Task instructions: Give exactly the lines from the one with "Rentctg heavy equipment" through the final line of the listing below, both included, leaving out any pictures.

Recorded data:
[Start of section]
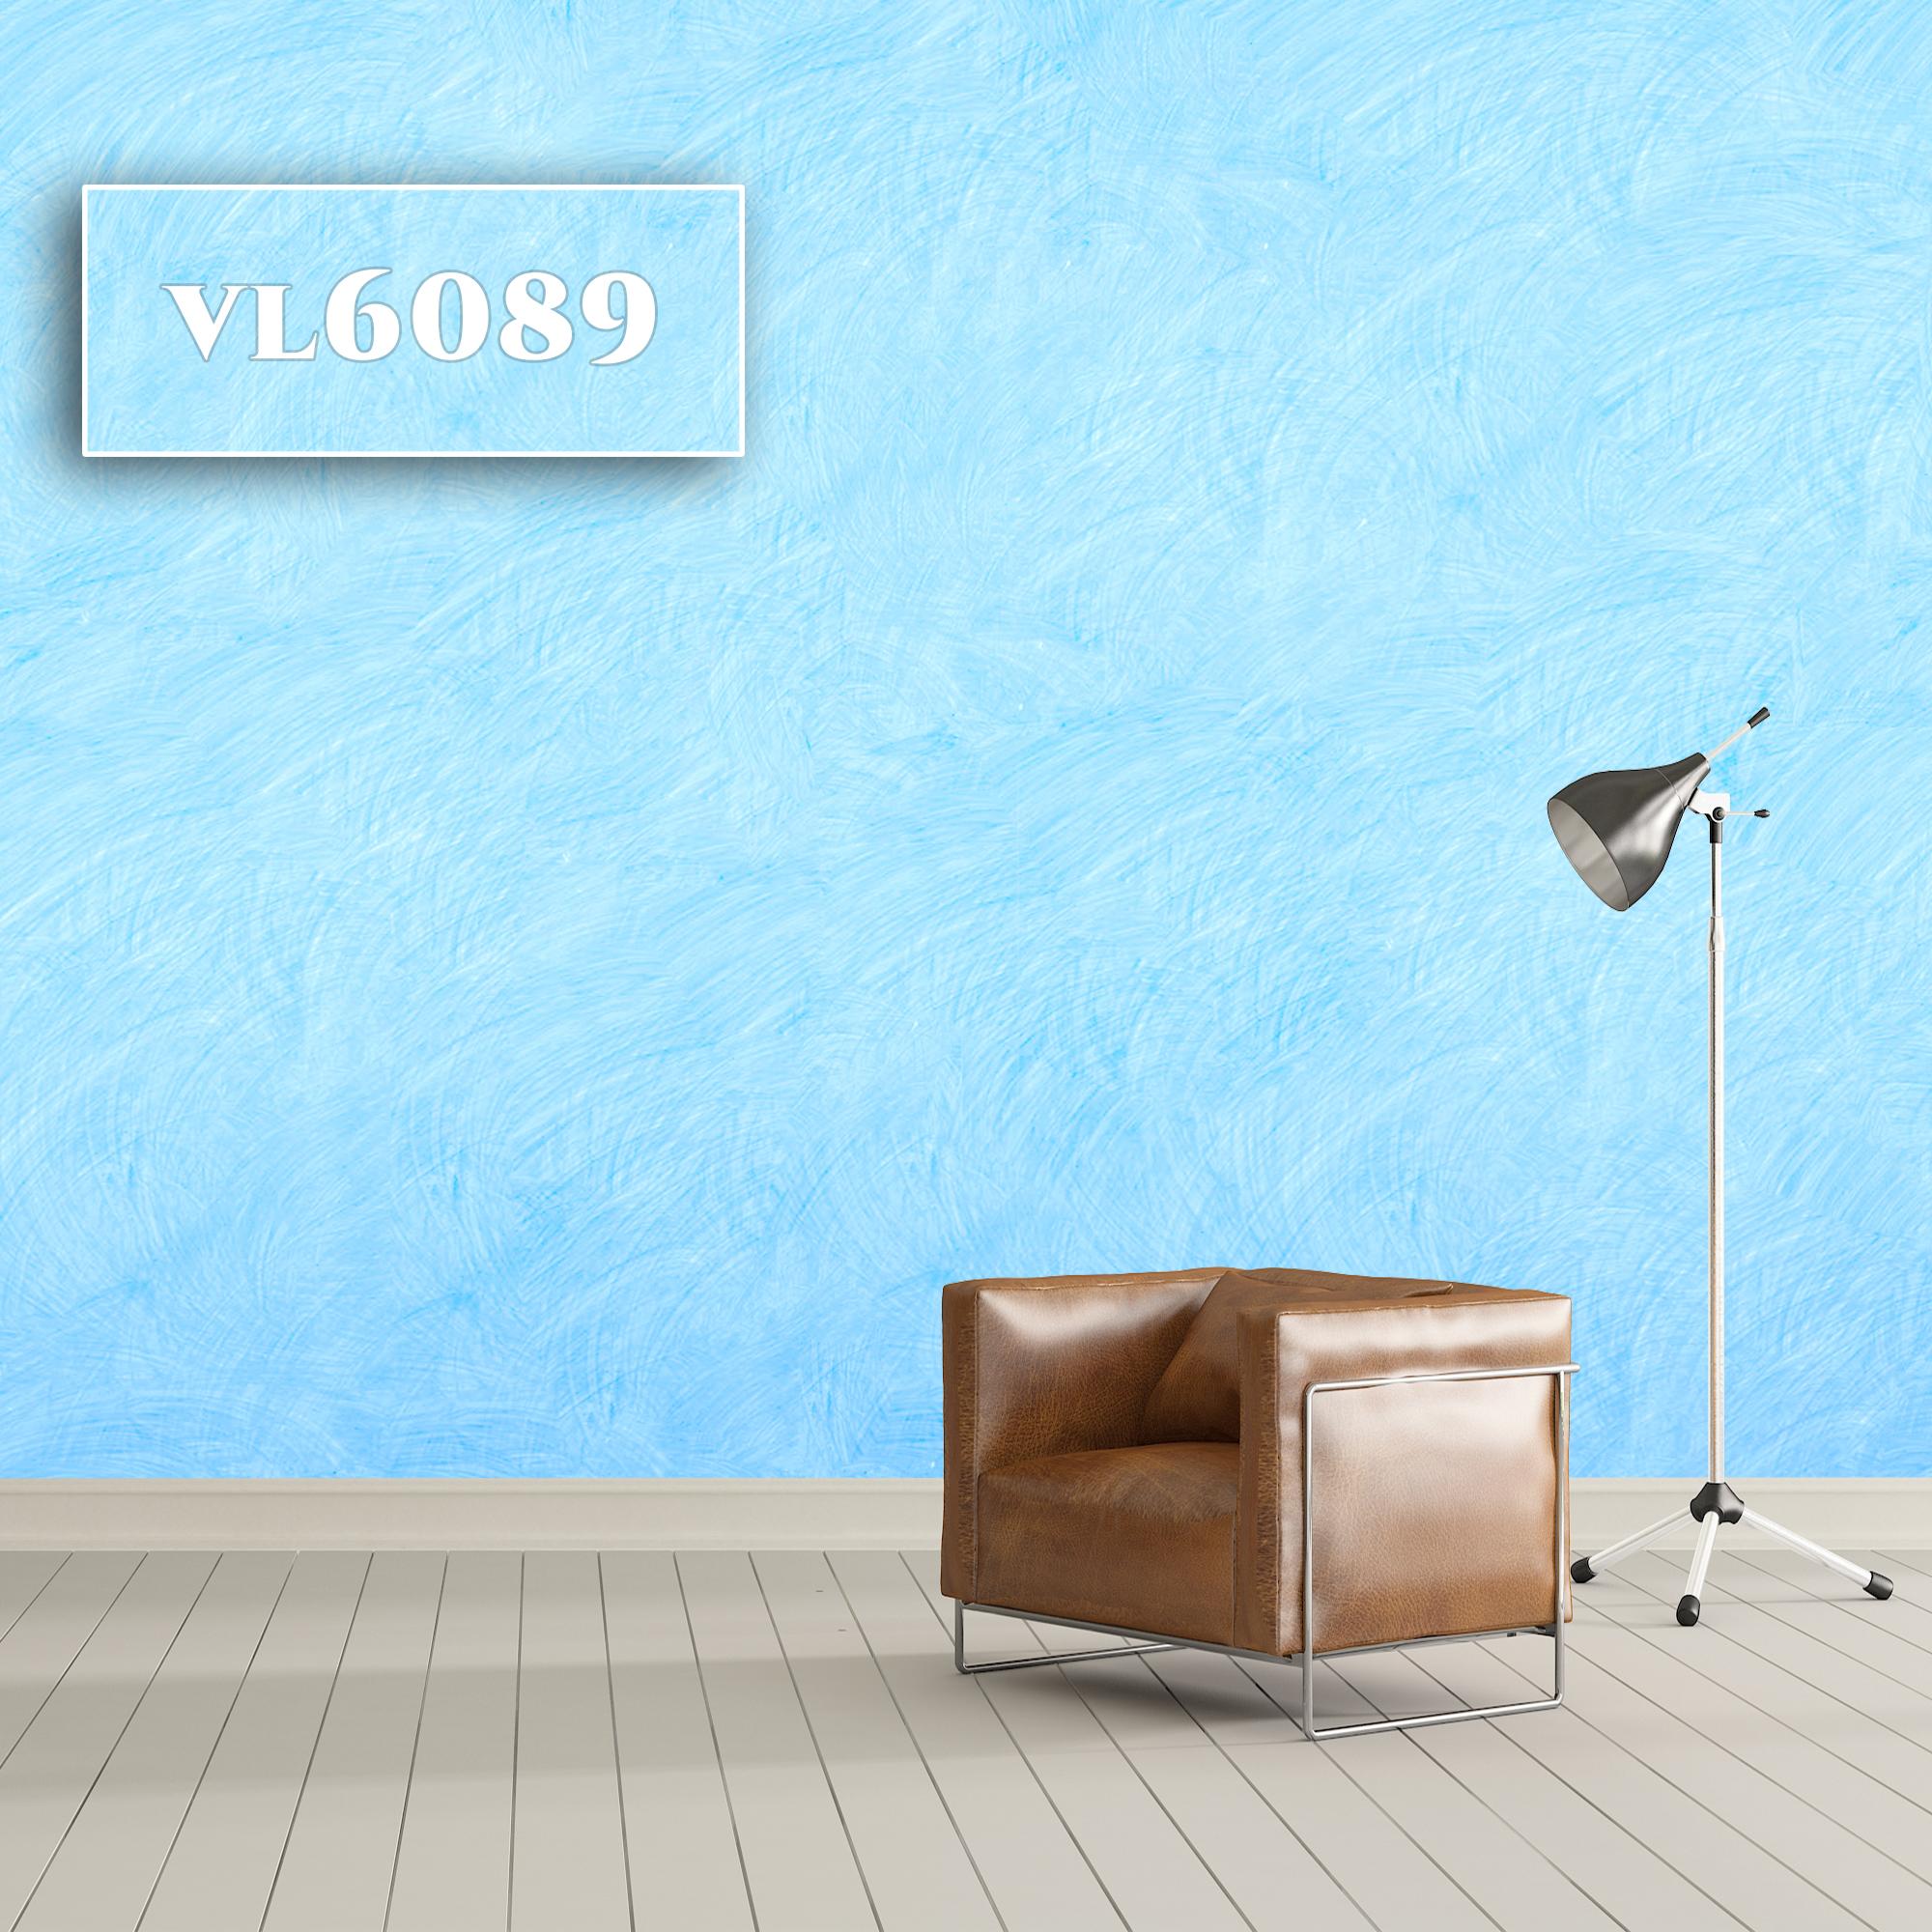 VL6089
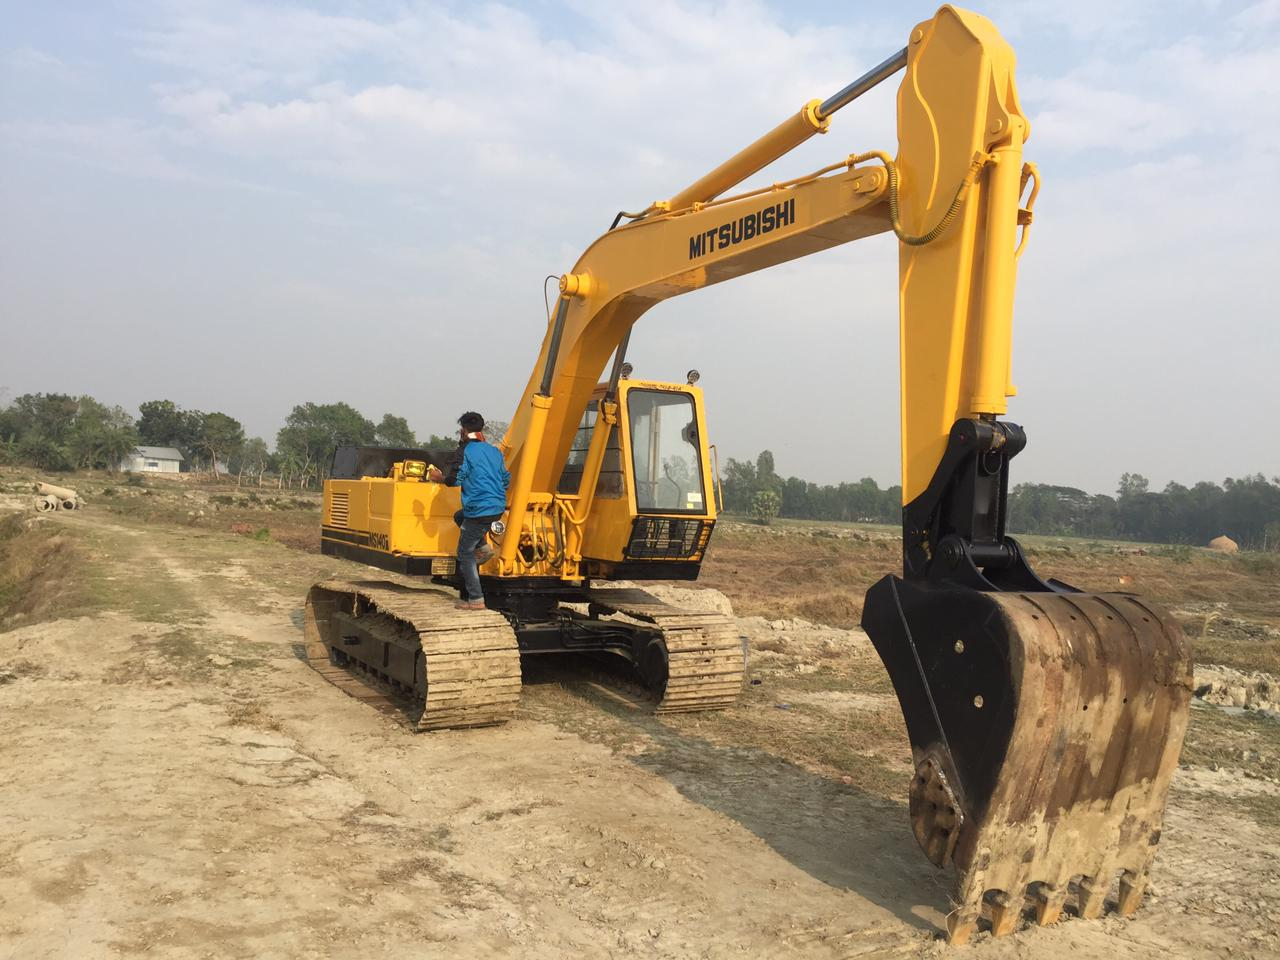 Rentctg heavy equipment rental-Review-gallery
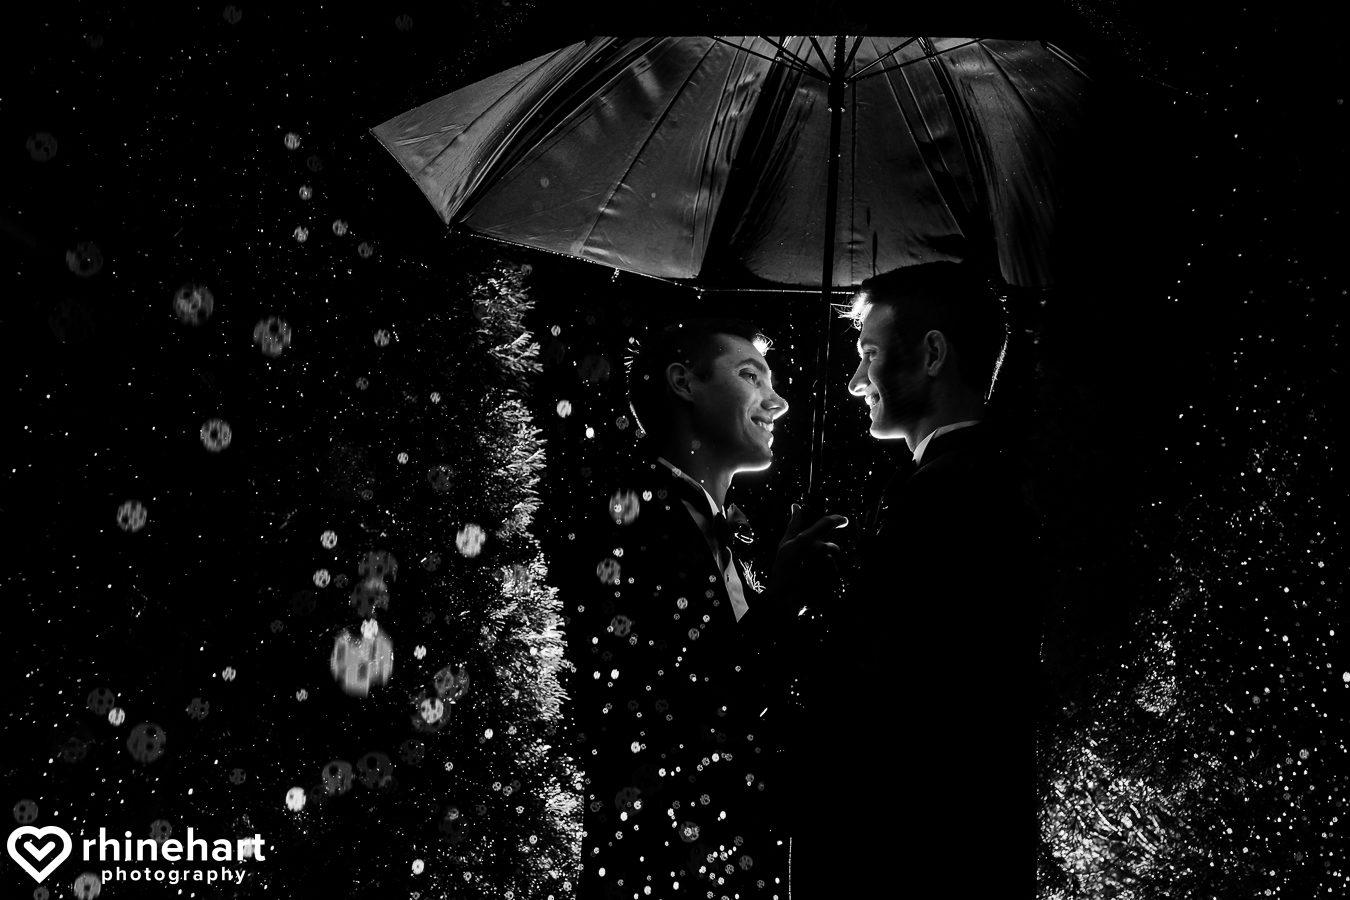 ledges-hotel-wedding-photographers-poconos-hawley-pa-best-creative-unique-artistic-fun-romantic-351
[End of section]
Answer to this exercise:
 Rentctg heavy equipment rental-Review-gallery
 ledges-hotel-wedding-photographers-poconos-hawley-pa-best-creative-unique-artistic-fun-romantic-351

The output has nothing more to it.